The Judge’s directions as to parties

[27]     The Judge’s directions as to the appellant’s alleged liability as a party was said by counsel for the appellant to be “very light”.

[28]     We see no merit in this submission.  The case for the Crown was perfectly clear.  On the Crown case the appellant’s role in the drug importation operation was as a supervisor and, in this role, he engaged in a number of significant actions which were closely related to the eventual importation into New Zealand of the cocaine.

[29]     If the jury accepted the evidence of Nieuwoudt (and they plainly did) then it is perfectly clear that the appellant was guilty of the offence alleged against him. The issue for the jury was very simple.  We see no scope for any confusion as to this on the part of the jury.

[30]     In those circumstances, we think that the Judge’s directions on this aspect of the case were adequate.

New evidence

[31]     The new evidence which the appellant relies on is from Carl John McKay. McKay claims that in September 2003, he met Nieuwoudt in the holding cells at the Auckland District Court and that Nieuwoudt told him that he was contemplating nominating a person with whom he had been travelling as the owner of the drugs which had been found on him when he arrived in New Zealand.   In his affidavit, McKay was not explicit as to whether Nieuwoudt told him that the person with

whom he was travelling was innocent but in his evidence before us McKay said that was indeed the substance of what Nieuwoudt had said.

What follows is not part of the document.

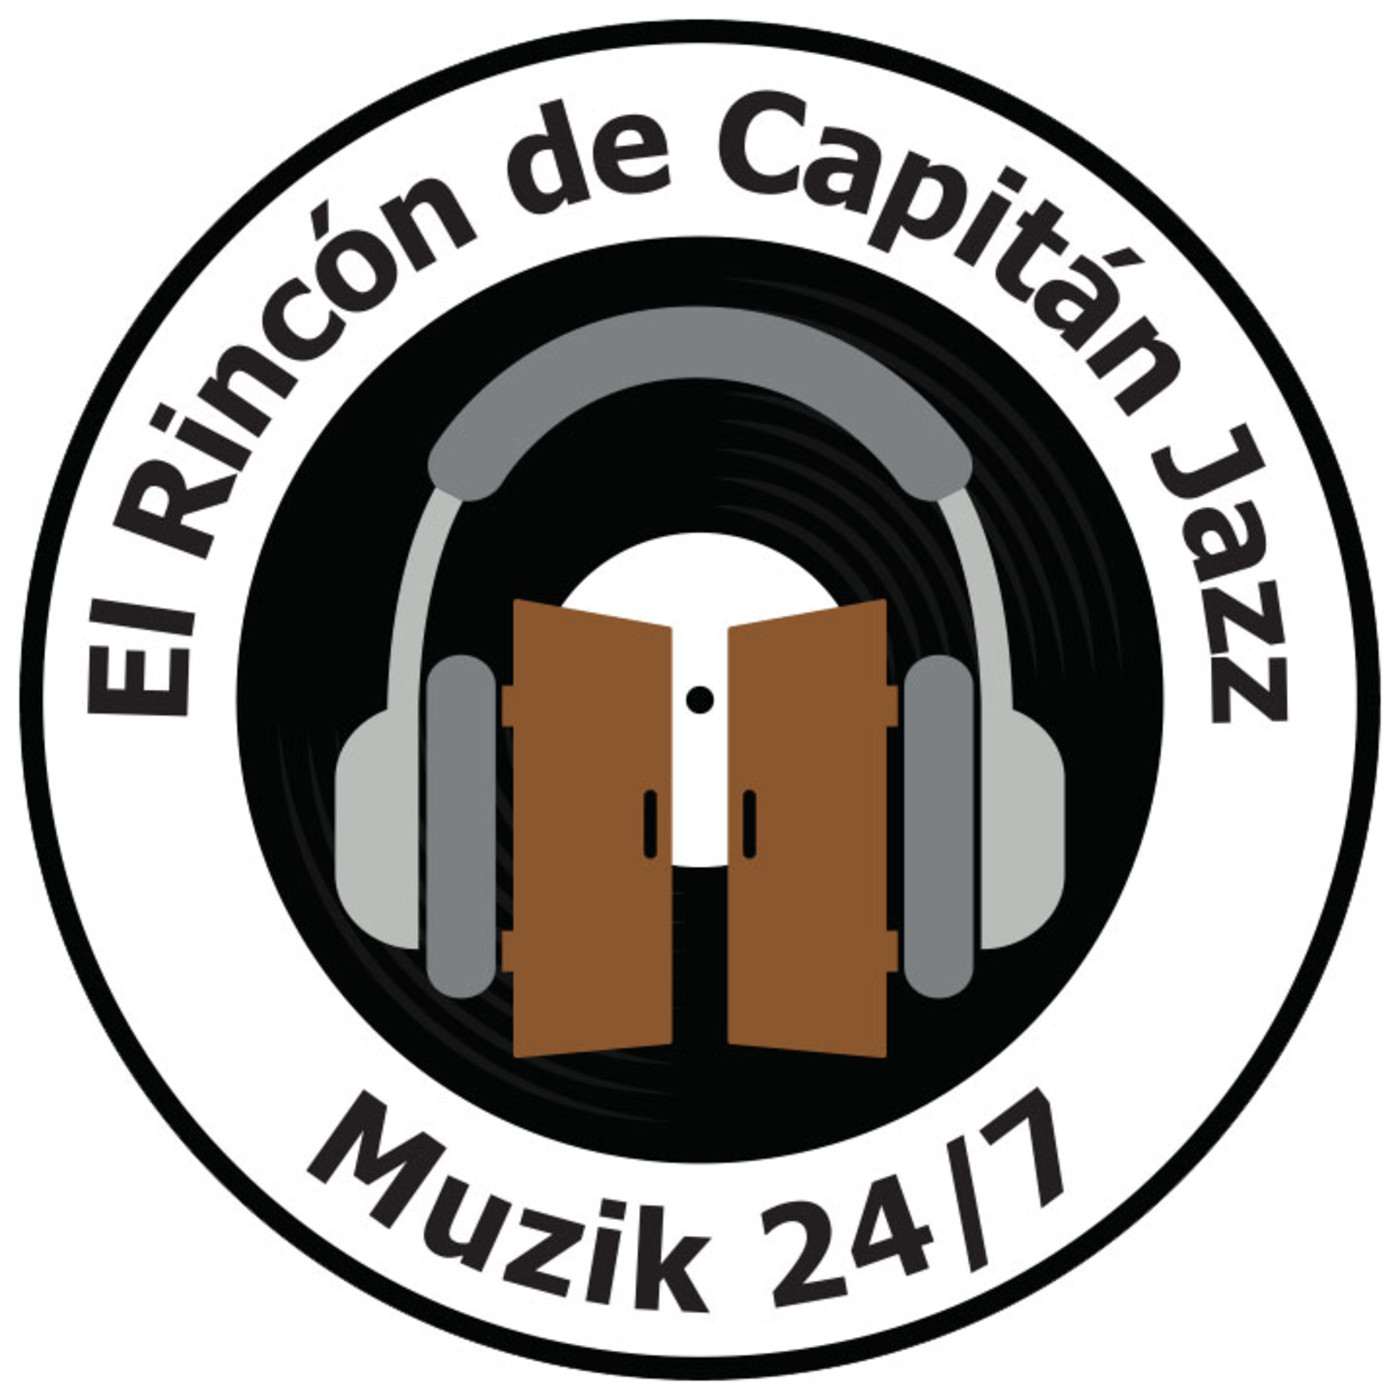 El Rincón de Capitán Jazz 242
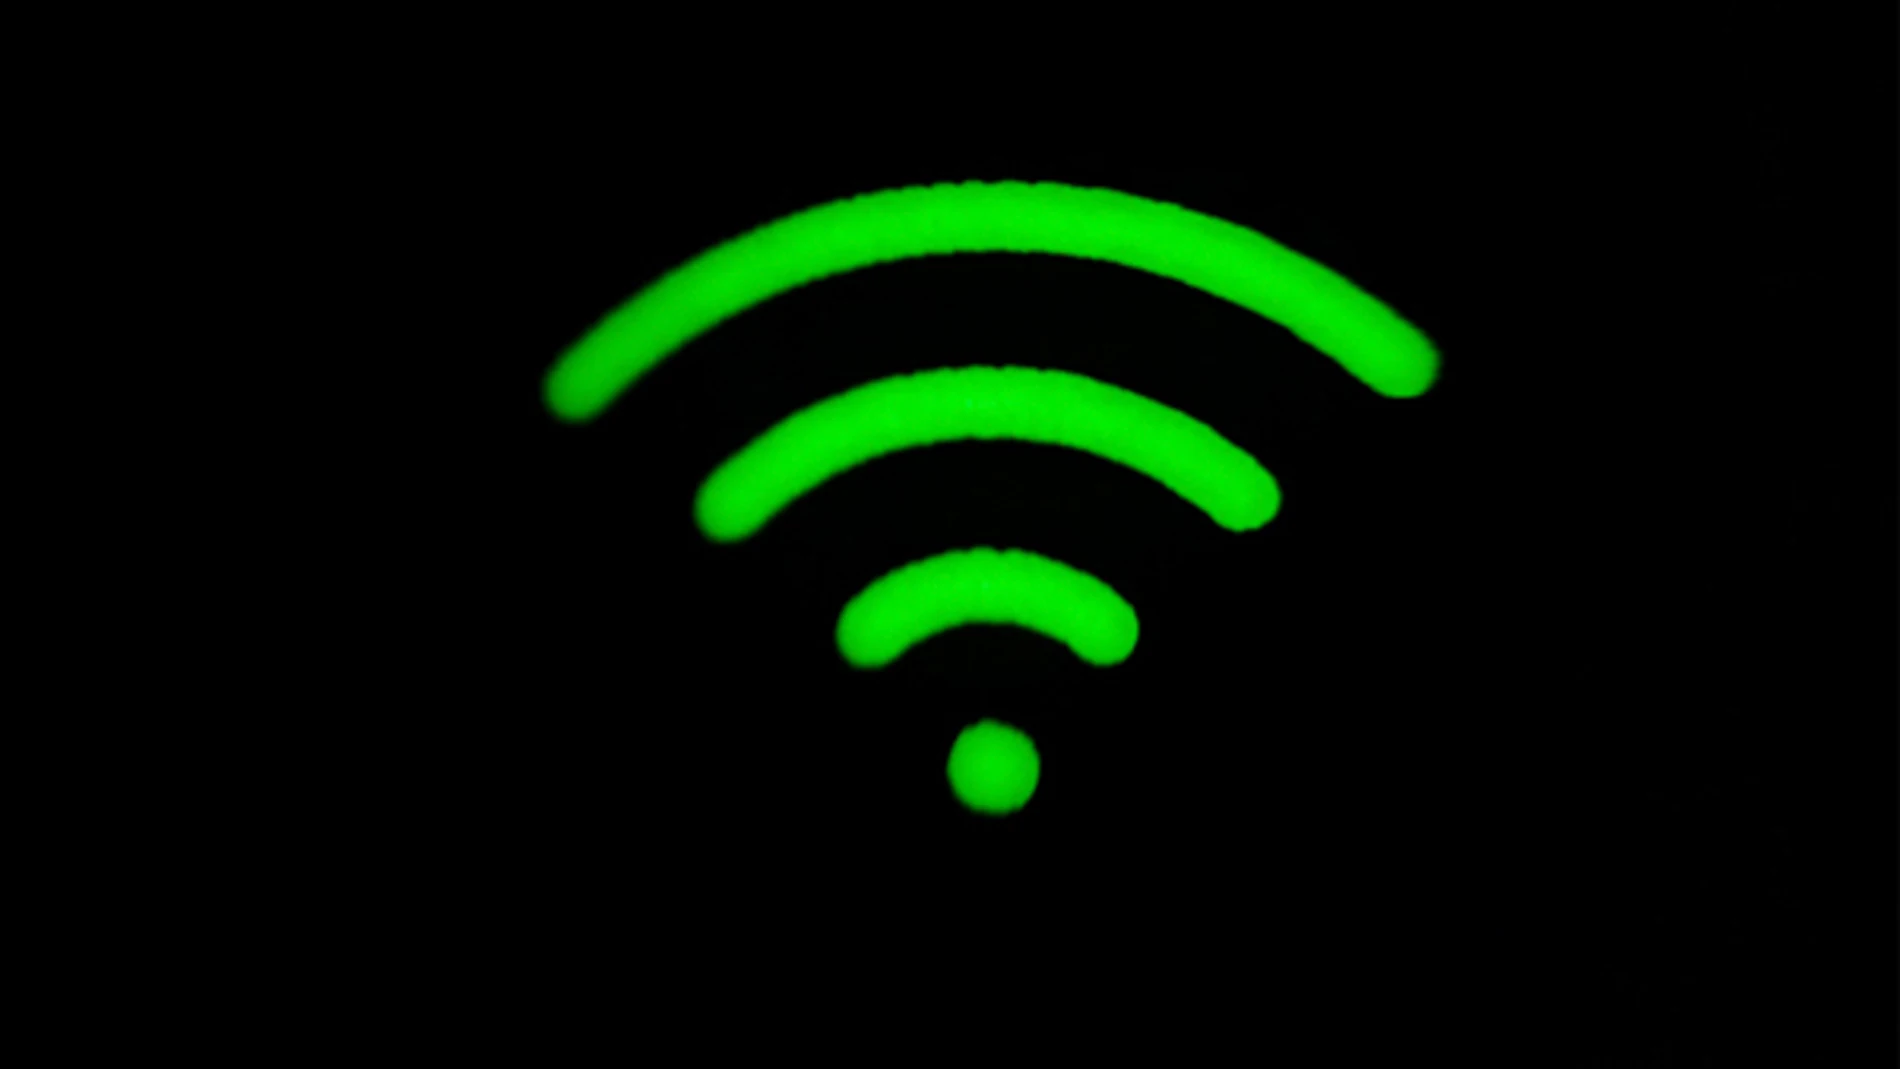 El símbolo de Wifi no refleja realmente como se propaga la señal inalámbrica.

[32]     This evidence is very similar to the evidence of Samoa which the jury plainly rejected at trial.  McKay has a truly impressive list of convictions for a variety of offences - most for dishonesty but some involving the supply of LSD.  On this aspect of the case, Mr Burns for the Crown maintained that the evidence given by McKay, while relevantly new, was insufficiently cogent and credible to warrant us allowing the appeal.

[33]     Given that there is to be a new trial in any event and that McKay will presumably give evidence at that trial, we see no point (and indeed some disadvantage) in determining whether the appellant’s appeal should be allowed on the basis of new evidence.

Result

[34]     The appeal is allowed.  The appellant’s conviction is set aside.  We direct a new trial.